__Input data__.
=======
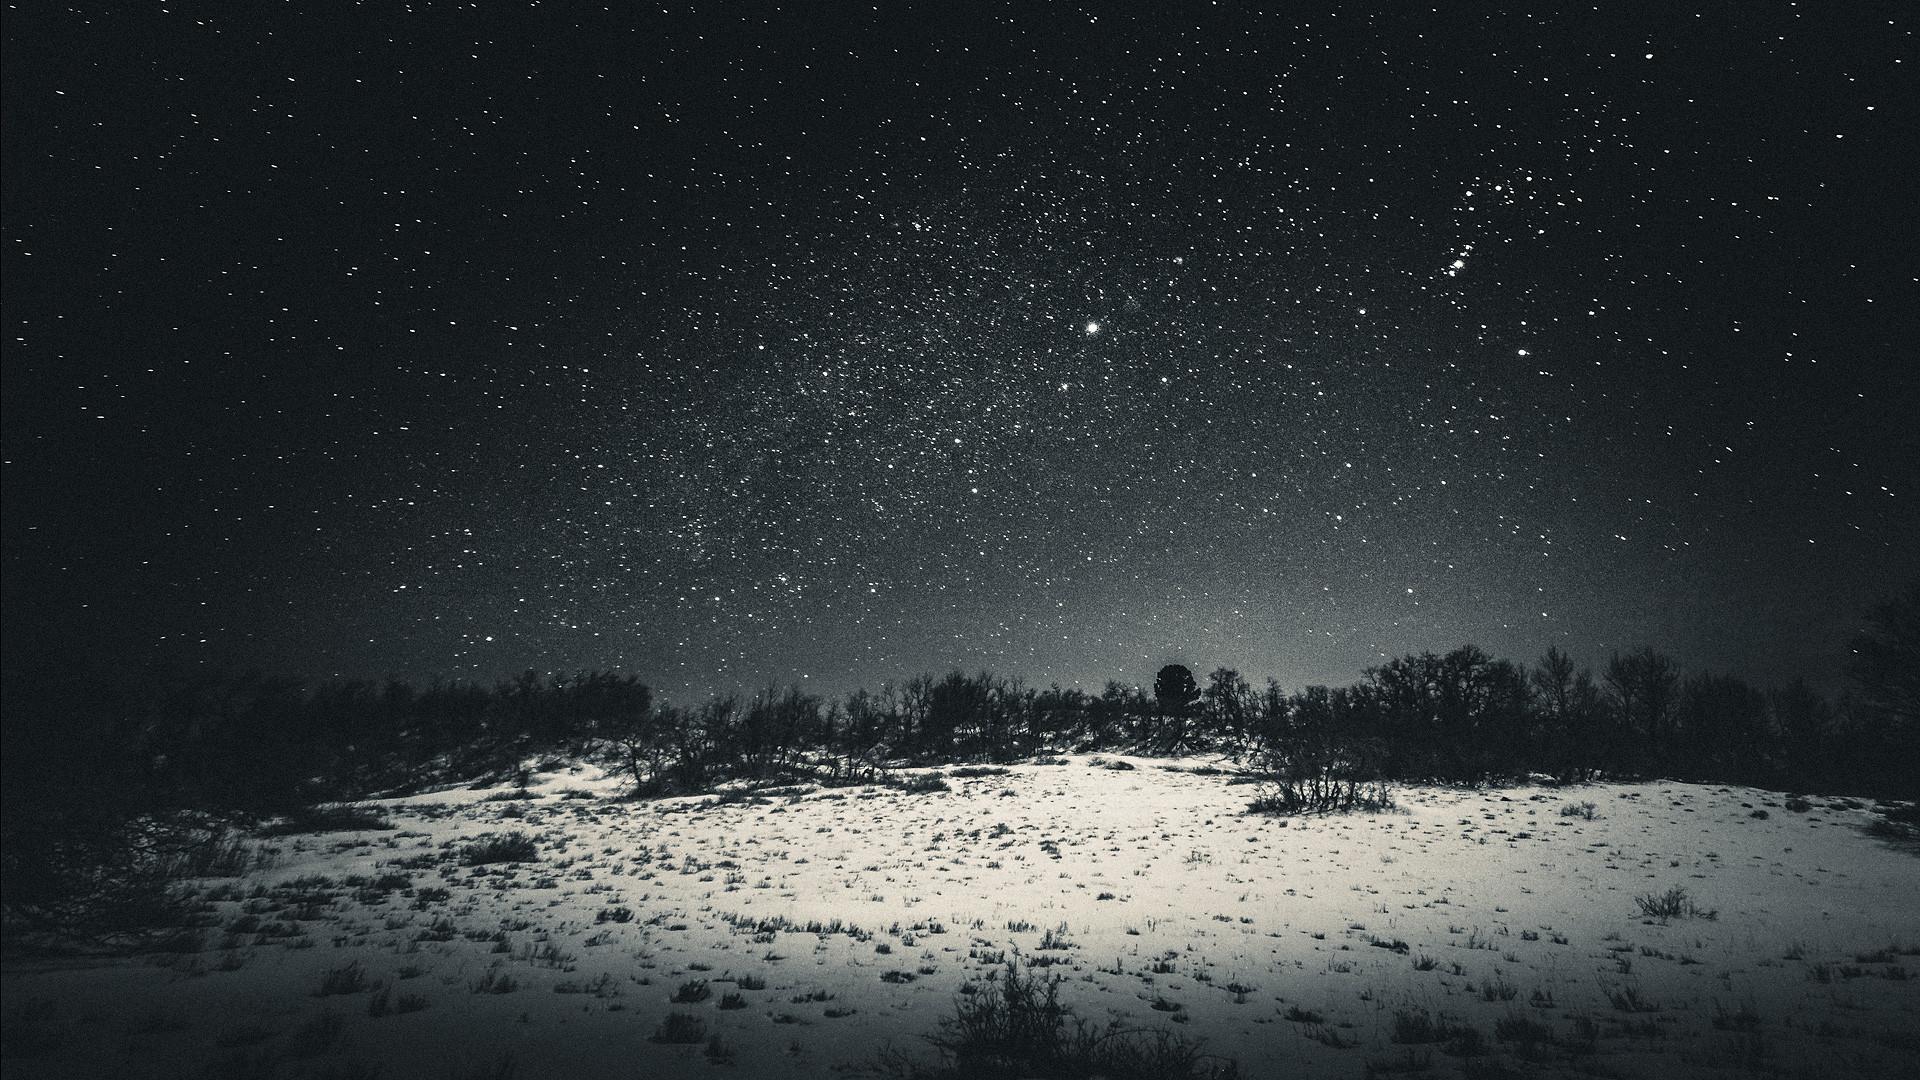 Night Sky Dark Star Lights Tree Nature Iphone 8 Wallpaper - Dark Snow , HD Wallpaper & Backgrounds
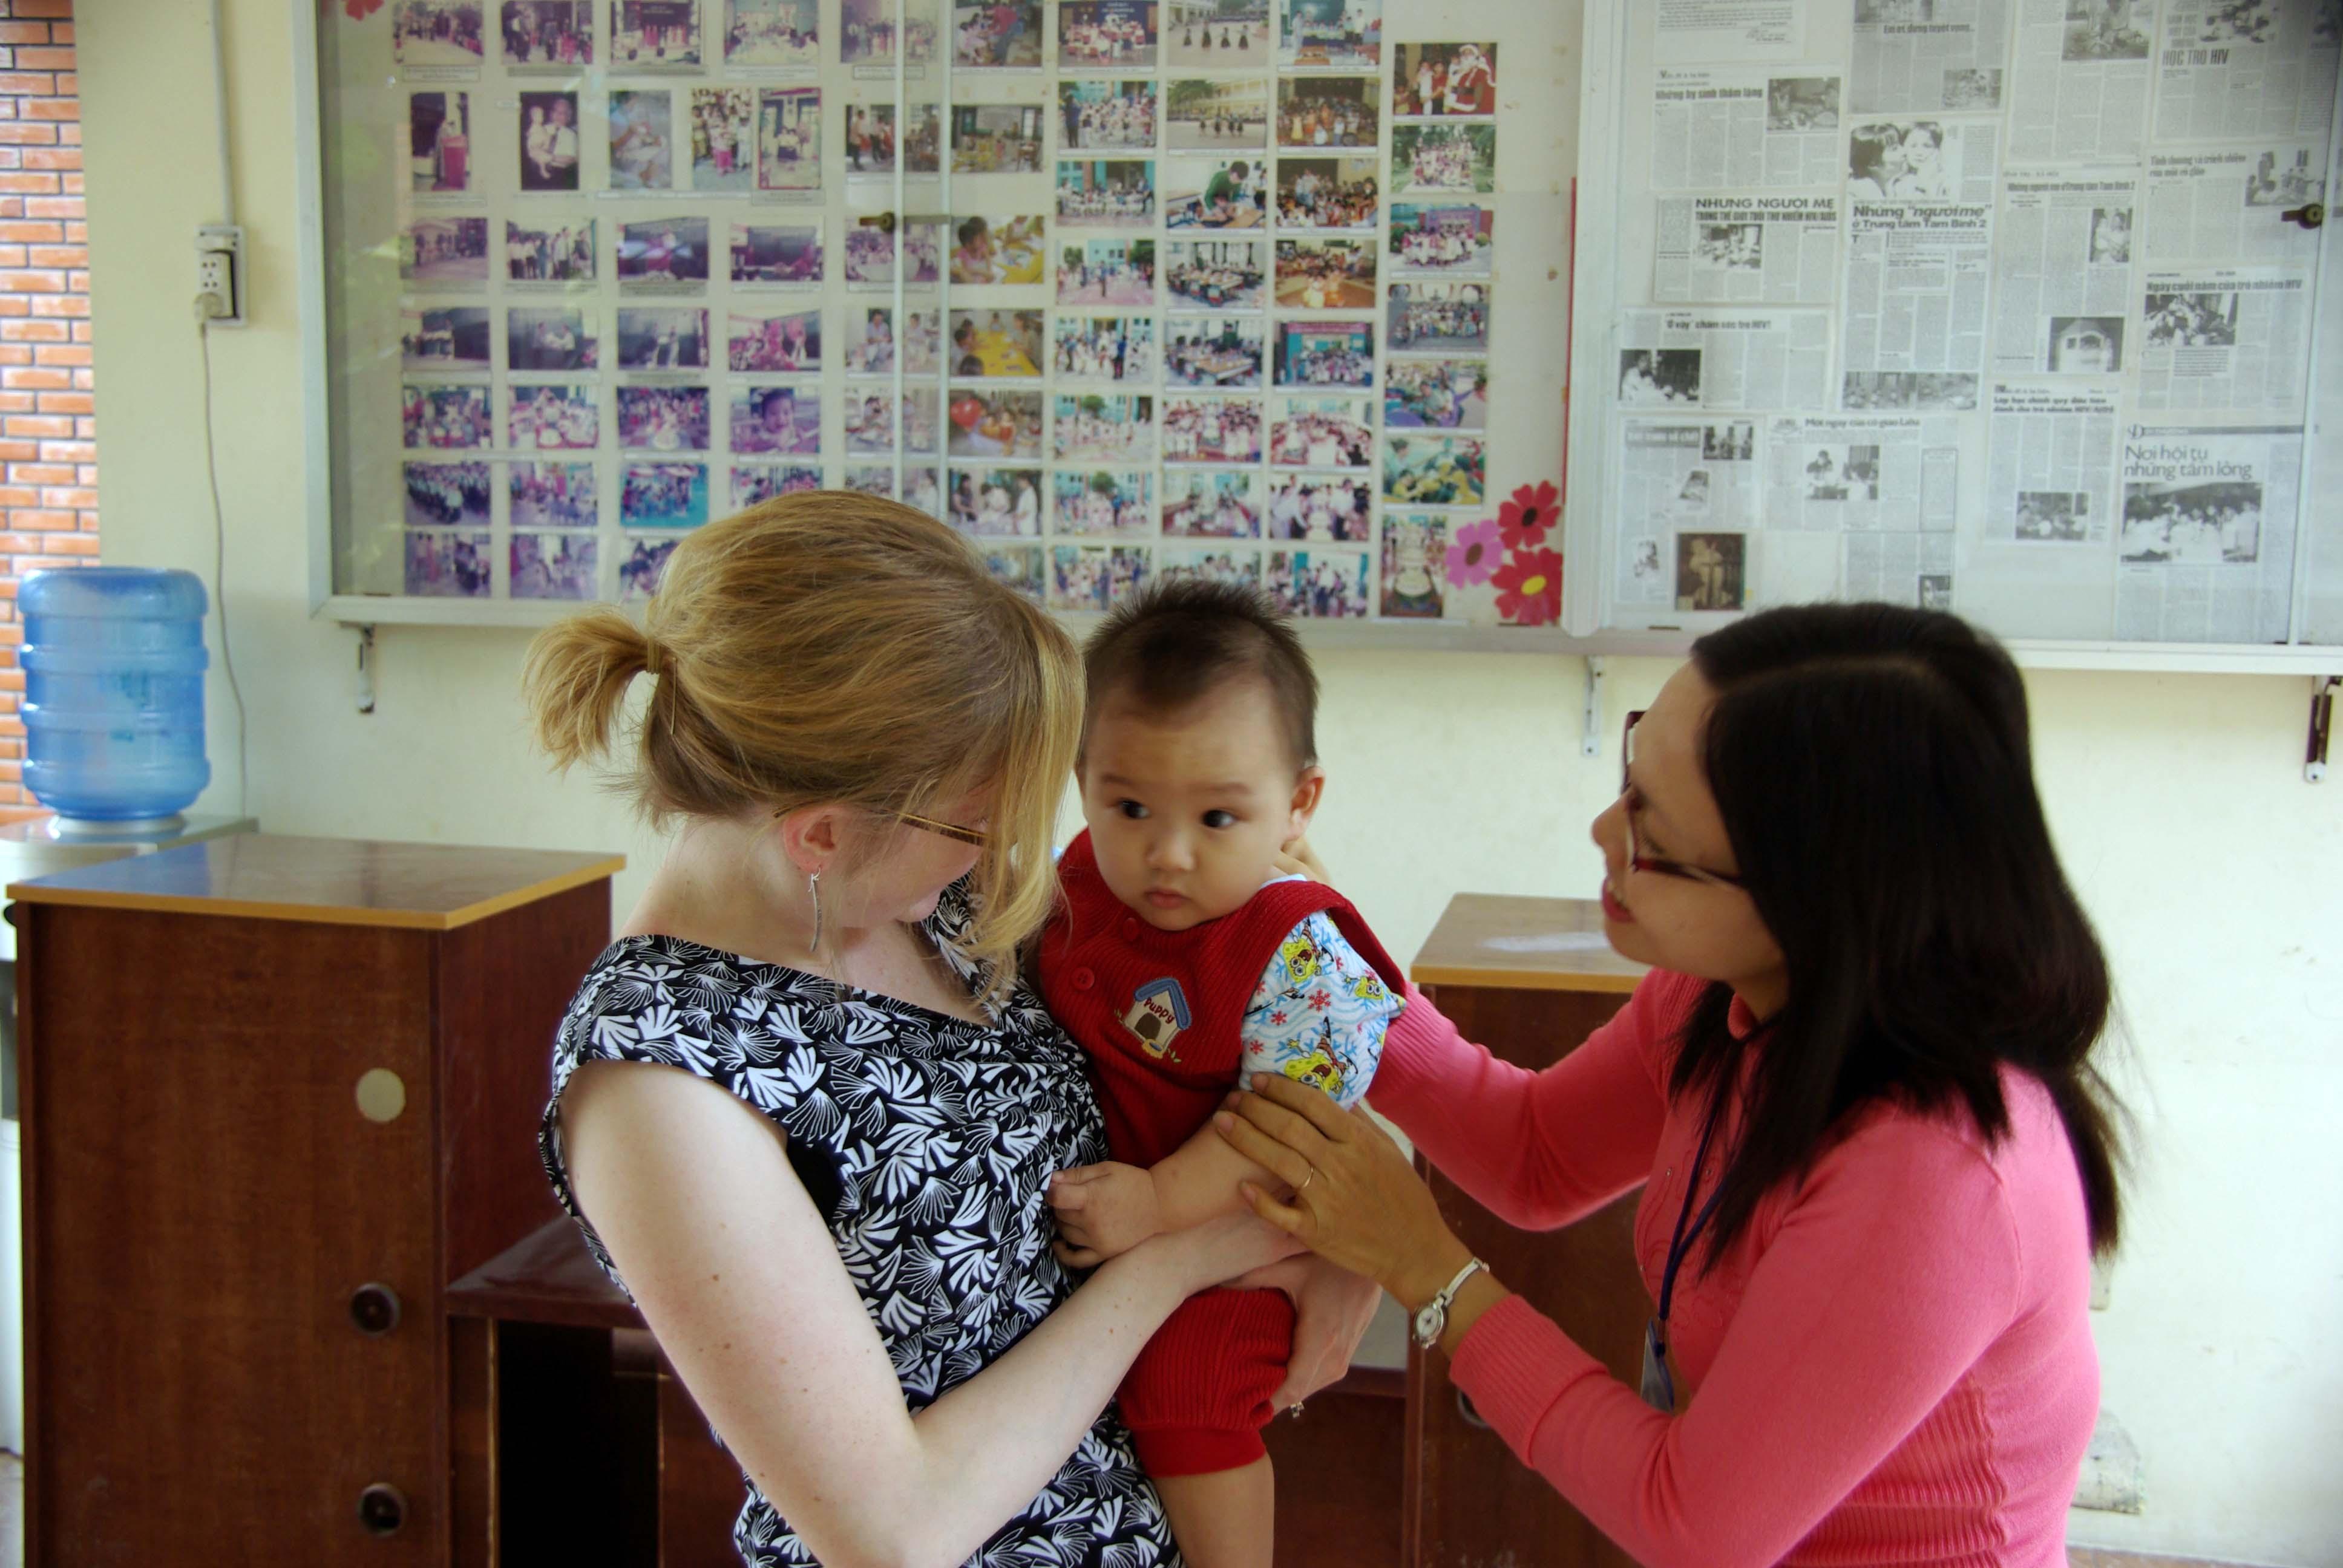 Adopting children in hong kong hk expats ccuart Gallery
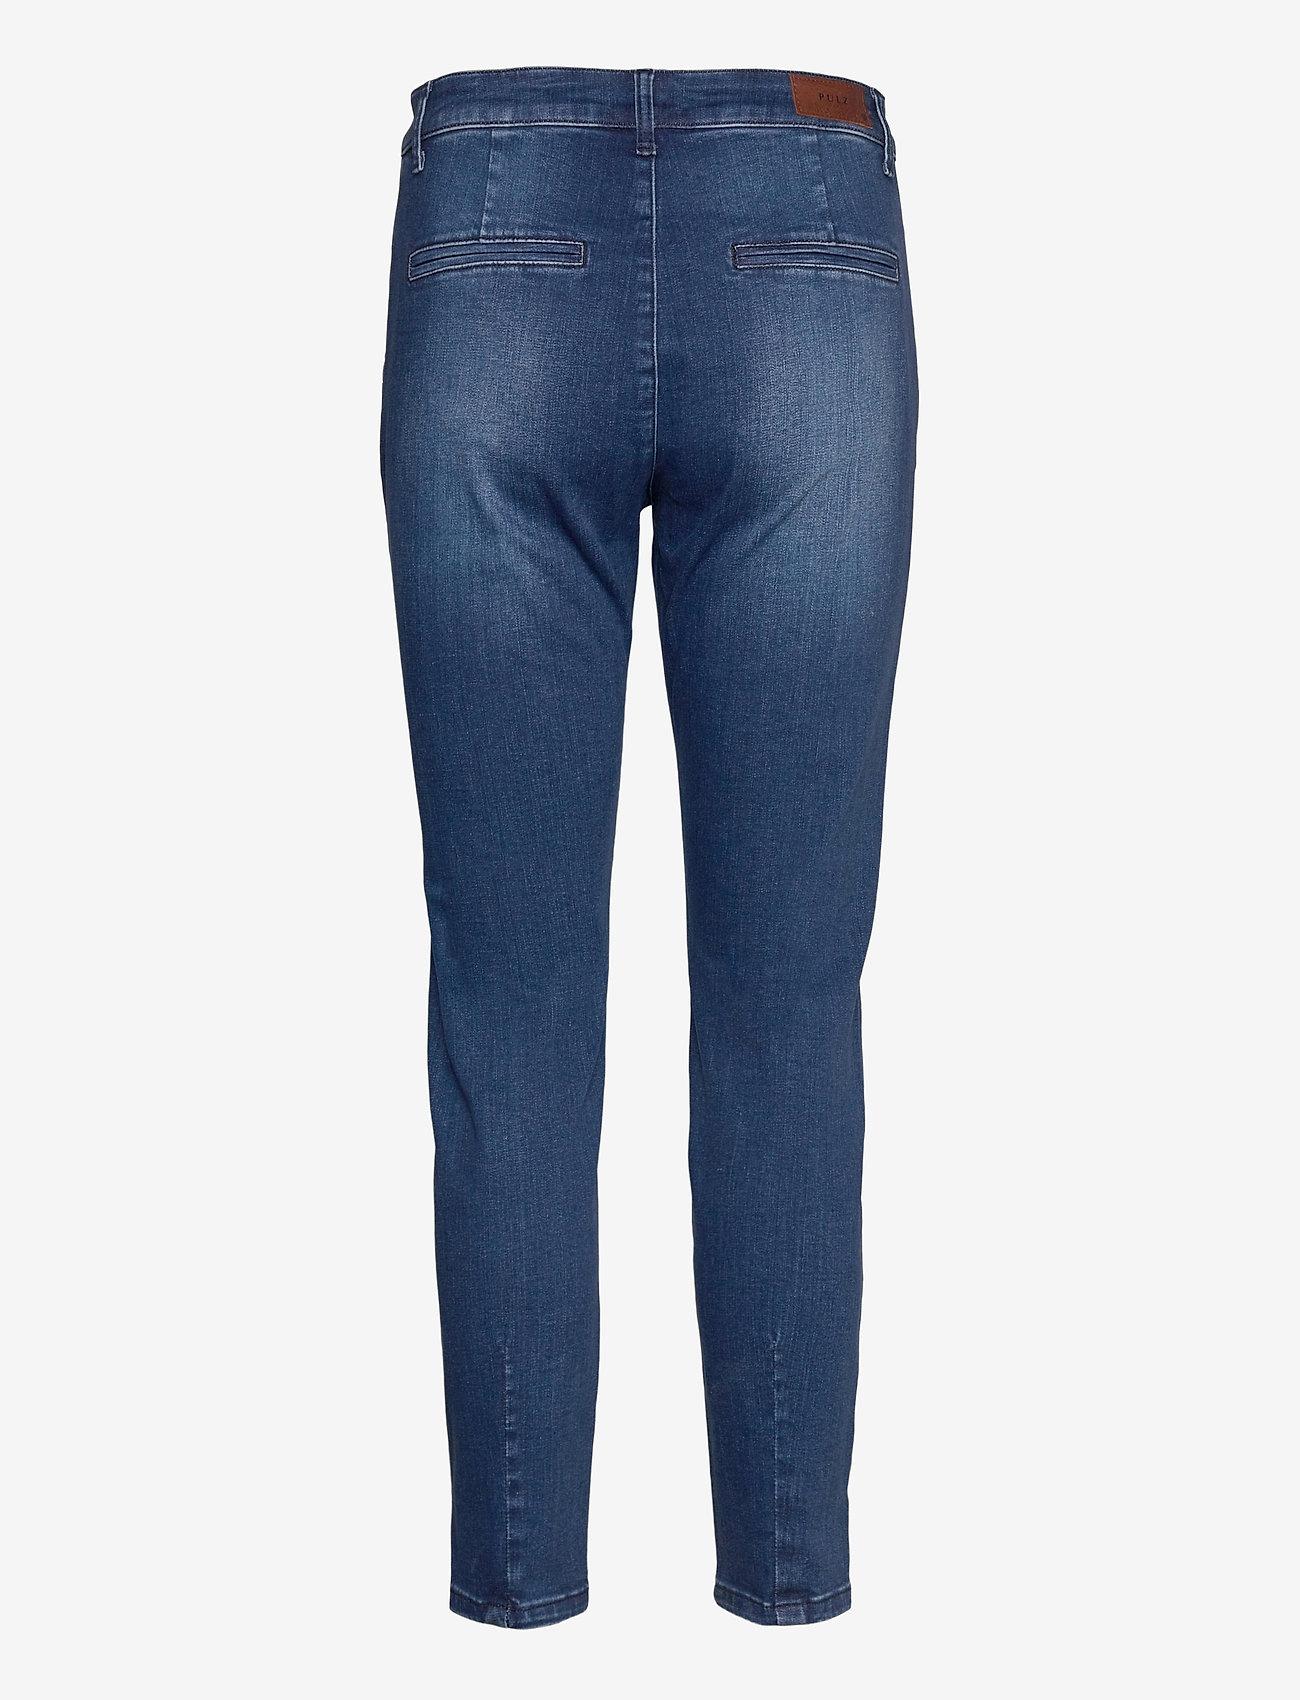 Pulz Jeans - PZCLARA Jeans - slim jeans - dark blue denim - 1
=======
__What you should do__. Quote the material in full and exactly; do not carry over its pictures.

__Response to the task__.
 Night Sky Dark Star Lights Tree Nature Iphone 8 Wallpaper - Dark Snow , HD Wallpaper & Backgrounds
 Adopting children in hong kong hk expats ccuart Gallery
 Pulz Jeans - PZCLARA Jeans - slim jeans - dark blue denim - 1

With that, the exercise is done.